* **WORK REQUIRED**
Reproduce exactly the lines of this material that begin at the line with "BRASIL 10000 CRUZADOS" and end at the line with "Покер старс онлайн", both included. Omit the pictures and everything else.

--- SOURCE RECORDS Enclosed Below ---

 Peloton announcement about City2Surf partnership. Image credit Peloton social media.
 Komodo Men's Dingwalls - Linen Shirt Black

--- End of Enclosed SOURCE RECORDS ---
--- SOURCE RECORDS Enclosed Below ---

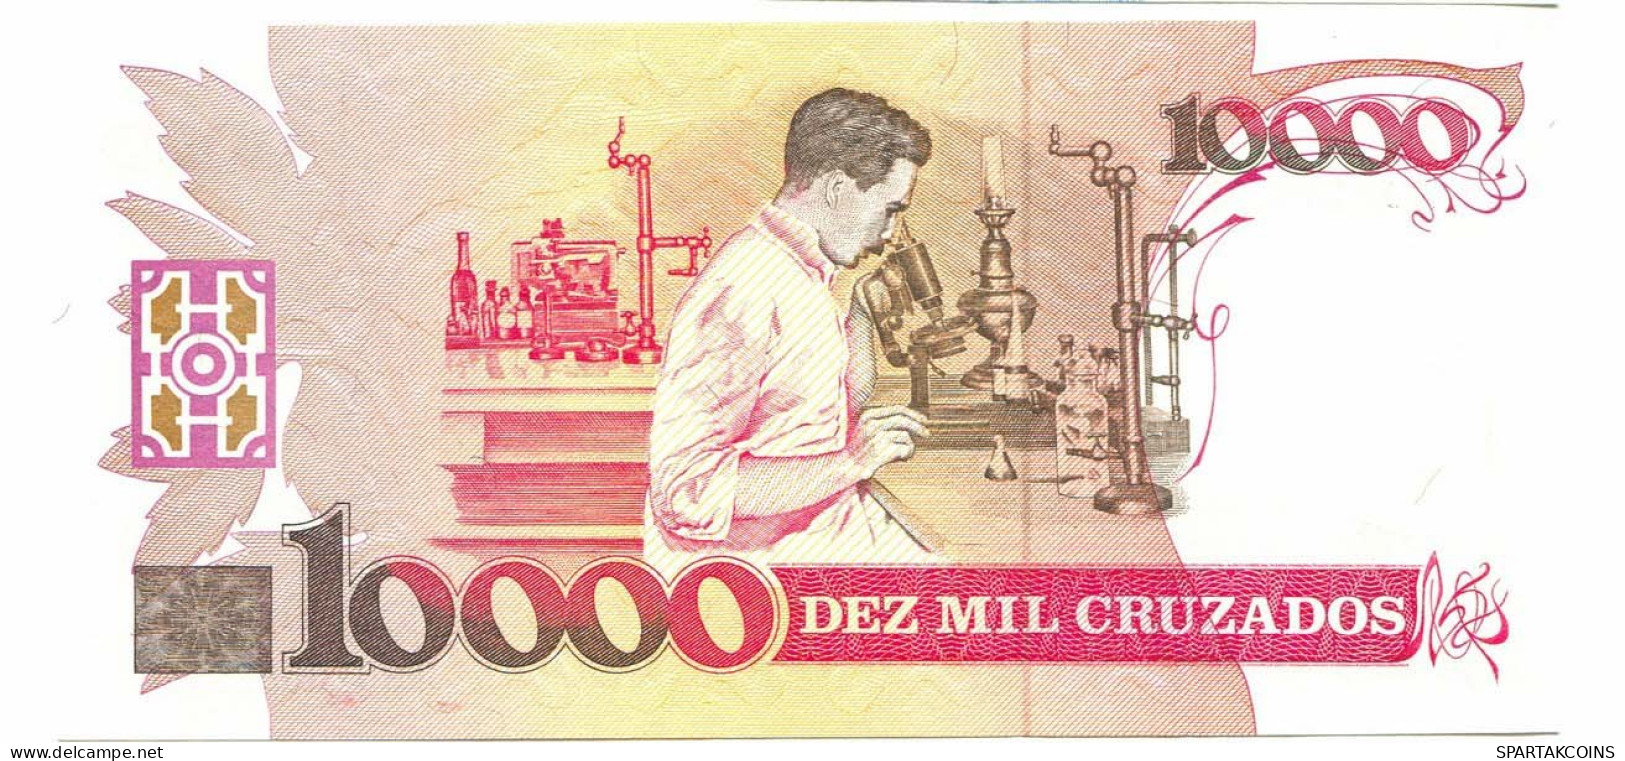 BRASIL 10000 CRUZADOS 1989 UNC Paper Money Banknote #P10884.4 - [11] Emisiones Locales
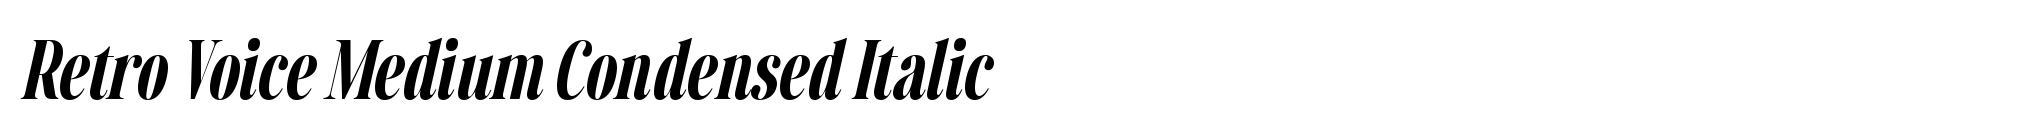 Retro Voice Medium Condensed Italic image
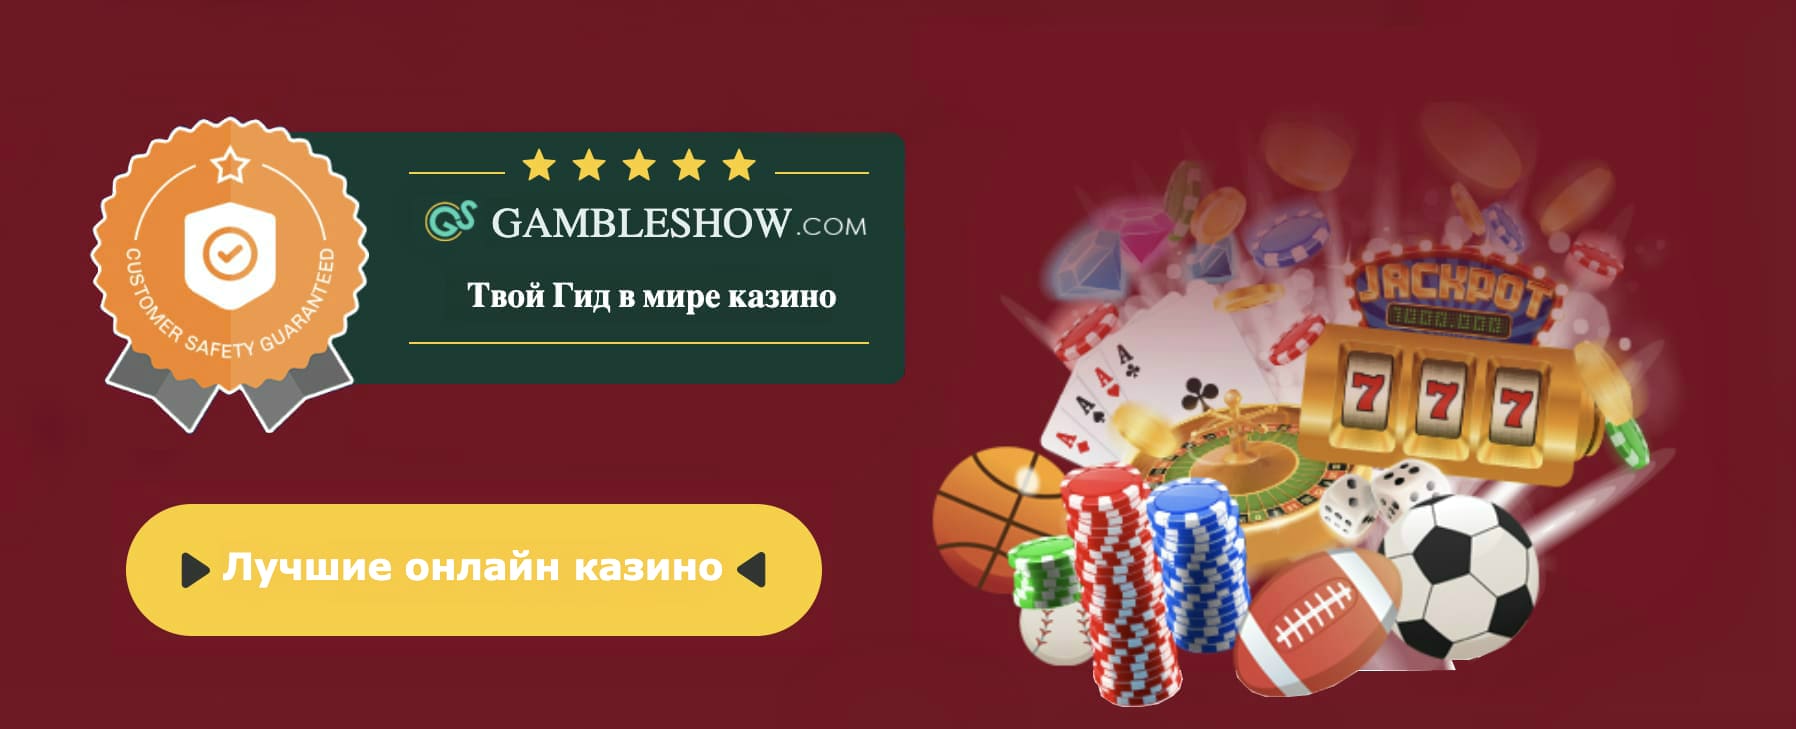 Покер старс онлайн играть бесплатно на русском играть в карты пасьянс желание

--- End of Enclosed SOURCE RECORDS ---
--- SOURCE RECORDS Enclosed Below ---

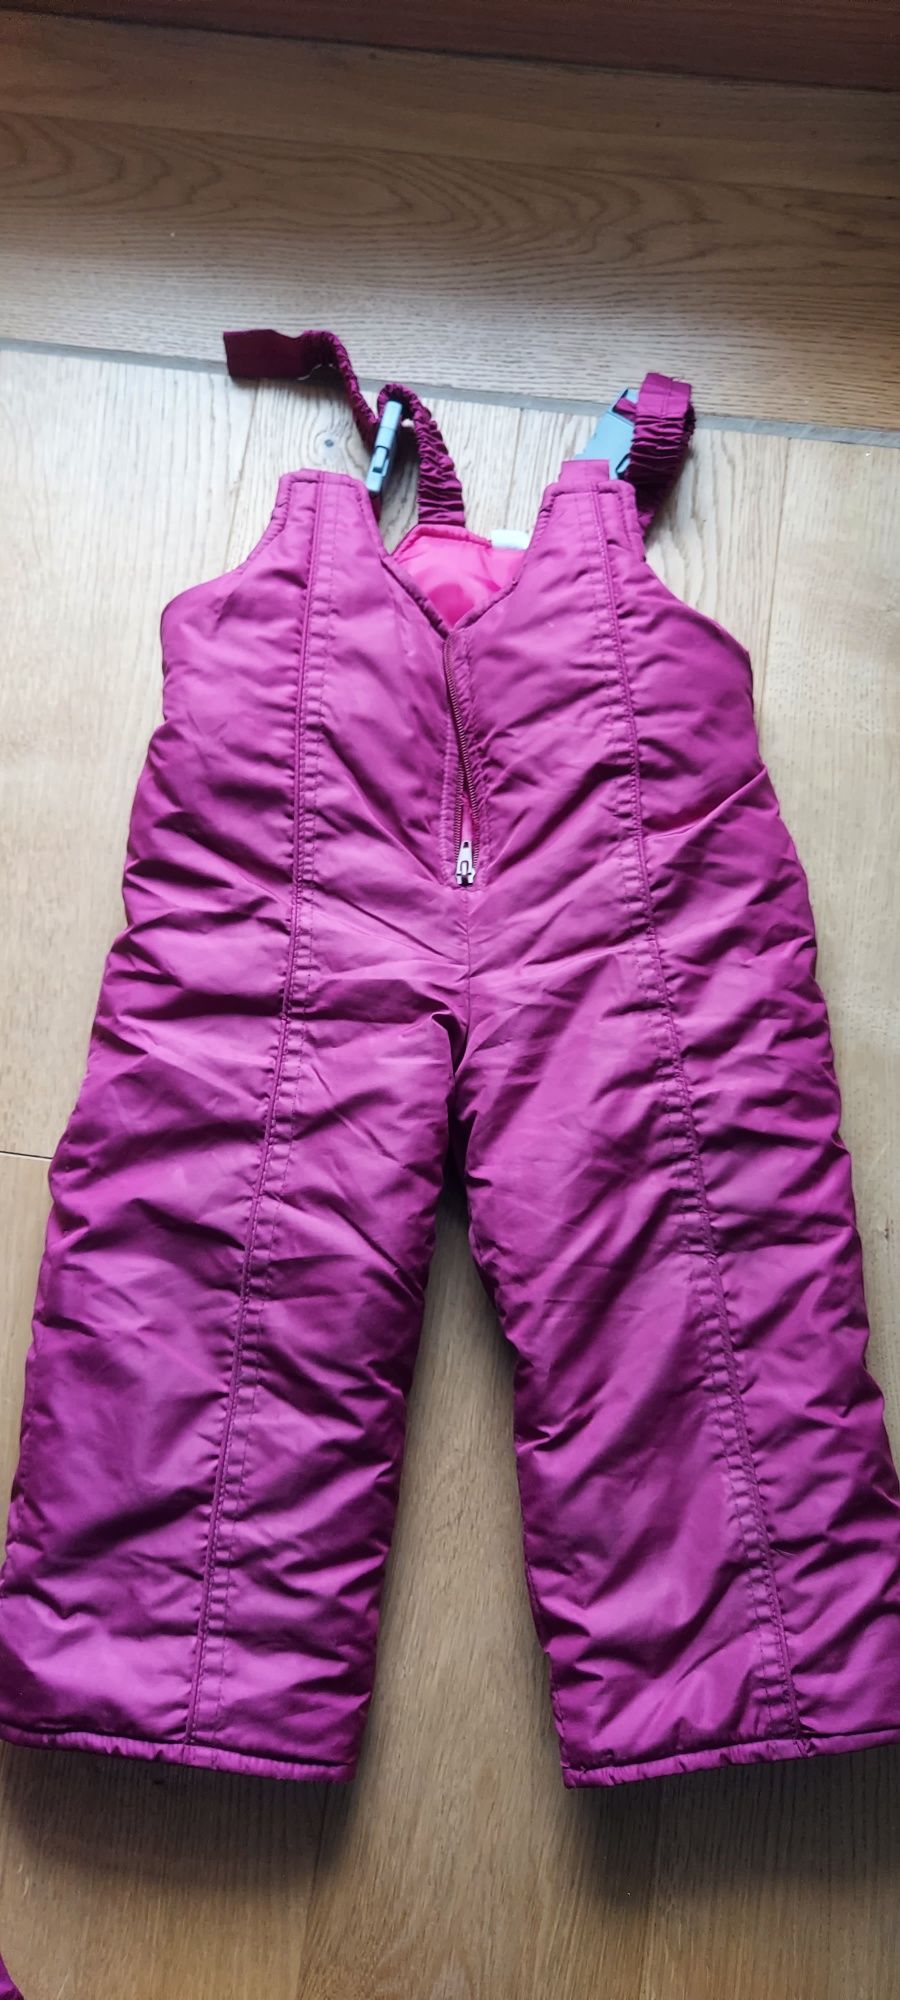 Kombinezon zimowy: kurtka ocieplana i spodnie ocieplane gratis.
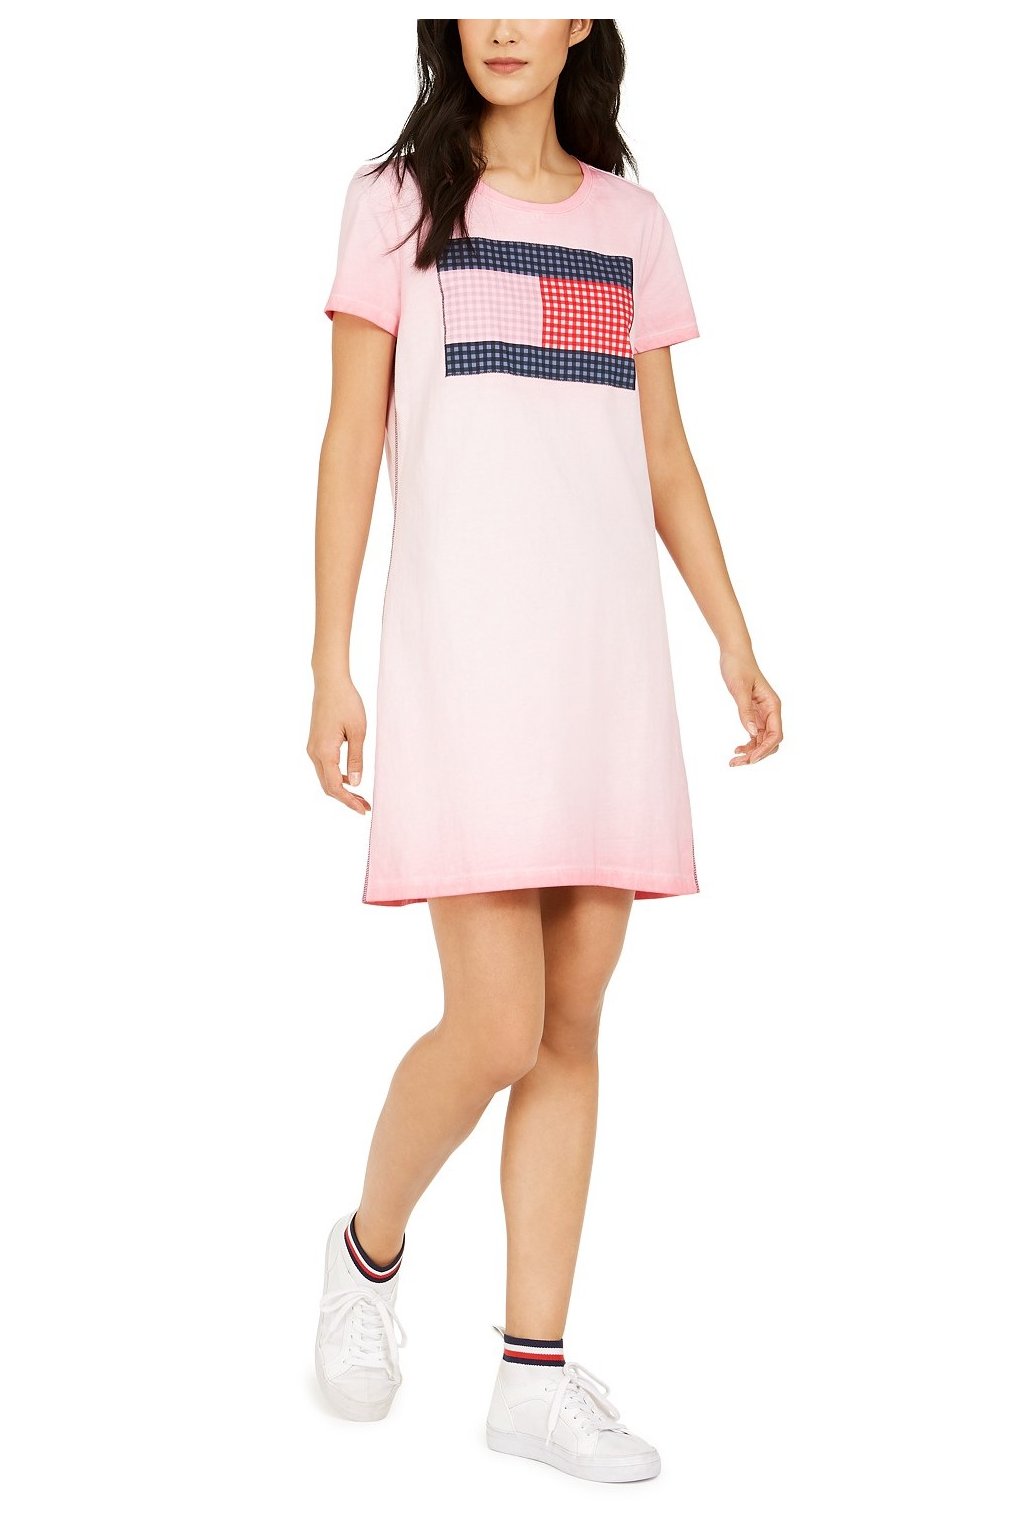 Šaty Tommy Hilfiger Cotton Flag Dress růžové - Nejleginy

--- End of Enclosed SOURCE RECORDS ---

* **RESULT OF THIS EXERCISE**
 BRASIL 10000 CRUZADOS 1989 UNC Paper Money Banknote #P10884.4 - [11] Emisiones Locales
 Retro Voice Medium Condensed Italic image
 Покер старс онлайн играть бесплатно на русском играть в карты пасьянс желание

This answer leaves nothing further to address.